* What is required
Each line below containing the word "come" needs to be shown.
.....
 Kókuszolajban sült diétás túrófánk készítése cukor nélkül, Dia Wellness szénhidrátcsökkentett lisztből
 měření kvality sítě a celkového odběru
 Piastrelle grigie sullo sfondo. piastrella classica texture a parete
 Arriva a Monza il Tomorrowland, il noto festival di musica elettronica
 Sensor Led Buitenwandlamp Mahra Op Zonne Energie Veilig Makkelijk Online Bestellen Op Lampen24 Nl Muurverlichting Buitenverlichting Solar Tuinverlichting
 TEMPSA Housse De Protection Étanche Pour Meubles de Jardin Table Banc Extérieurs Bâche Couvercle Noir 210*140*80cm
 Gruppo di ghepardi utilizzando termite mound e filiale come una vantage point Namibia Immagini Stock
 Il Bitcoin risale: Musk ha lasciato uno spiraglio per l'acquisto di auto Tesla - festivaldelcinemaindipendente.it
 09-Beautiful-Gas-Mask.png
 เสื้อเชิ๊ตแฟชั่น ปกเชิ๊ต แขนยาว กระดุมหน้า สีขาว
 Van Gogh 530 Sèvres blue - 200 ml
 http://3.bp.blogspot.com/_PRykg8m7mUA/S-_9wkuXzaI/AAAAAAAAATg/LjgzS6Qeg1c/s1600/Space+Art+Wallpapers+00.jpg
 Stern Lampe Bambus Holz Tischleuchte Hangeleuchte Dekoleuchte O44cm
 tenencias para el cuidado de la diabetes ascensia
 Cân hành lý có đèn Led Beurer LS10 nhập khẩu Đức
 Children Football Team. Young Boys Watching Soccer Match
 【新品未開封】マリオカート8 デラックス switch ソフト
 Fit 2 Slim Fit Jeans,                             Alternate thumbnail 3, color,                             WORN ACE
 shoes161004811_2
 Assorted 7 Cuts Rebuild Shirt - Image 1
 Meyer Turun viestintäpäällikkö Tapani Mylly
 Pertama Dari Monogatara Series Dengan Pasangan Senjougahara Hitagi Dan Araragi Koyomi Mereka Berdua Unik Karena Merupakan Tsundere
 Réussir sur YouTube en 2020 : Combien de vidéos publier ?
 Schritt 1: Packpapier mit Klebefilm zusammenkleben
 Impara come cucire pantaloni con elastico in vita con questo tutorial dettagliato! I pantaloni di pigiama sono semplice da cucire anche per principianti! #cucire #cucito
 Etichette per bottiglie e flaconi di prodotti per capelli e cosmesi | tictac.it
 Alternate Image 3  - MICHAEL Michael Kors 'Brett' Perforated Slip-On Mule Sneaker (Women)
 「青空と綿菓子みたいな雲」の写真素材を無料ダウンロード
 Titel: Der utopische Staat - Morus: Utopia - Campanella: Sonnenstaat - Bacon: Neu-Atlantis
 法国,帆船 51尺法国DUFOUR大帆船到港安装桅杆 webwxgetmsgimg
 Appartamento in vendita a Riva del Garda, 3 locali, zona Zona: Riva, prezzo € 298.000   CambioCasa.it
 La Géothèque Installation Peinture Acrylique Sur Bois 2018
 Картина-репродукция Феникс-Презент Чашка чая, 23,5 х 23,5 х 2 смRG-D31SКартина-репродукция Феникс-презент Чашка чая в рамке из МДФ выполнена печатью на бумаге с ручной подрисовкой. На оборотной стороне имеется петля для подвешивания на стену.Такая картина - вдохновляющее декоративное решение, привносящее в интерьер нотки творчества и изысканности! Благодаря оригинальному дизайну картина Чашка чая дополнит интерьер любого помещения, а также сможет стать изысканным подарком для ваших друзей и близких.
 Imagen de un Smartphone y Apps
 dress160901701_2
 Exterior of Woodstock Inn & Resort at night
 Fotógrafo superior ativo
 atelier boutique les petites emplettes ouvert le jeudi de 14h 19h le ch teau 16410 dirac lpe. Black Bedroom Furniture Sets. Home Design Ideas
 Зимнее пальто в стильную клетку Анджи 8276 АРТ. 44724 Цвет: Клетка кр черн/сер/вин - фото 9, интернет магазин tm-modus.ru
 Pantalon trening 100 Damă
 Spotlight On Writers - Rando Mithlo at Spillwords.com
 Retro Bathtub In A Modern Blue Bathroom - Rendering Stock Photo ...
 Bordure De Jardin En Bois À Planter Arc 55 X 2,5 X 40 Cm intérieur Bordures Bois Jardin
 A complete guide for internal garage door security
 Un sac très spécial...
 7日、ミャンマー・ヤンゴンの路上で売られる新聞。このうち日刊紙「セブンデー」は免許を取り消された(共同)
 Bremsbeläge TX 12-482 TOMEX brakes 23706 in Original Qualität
.....
* Solution to the exercise
 Gruppo di ghepardi utilizzando termite mound e filiale come una vantage point Namibia Immagini Stock
 Impara come cucire pantaloni con elastico in vita con questo tutorial dettagliato! I pantaloni di pigiama sono semplice da cucire anche per principianti! #cucire #cucito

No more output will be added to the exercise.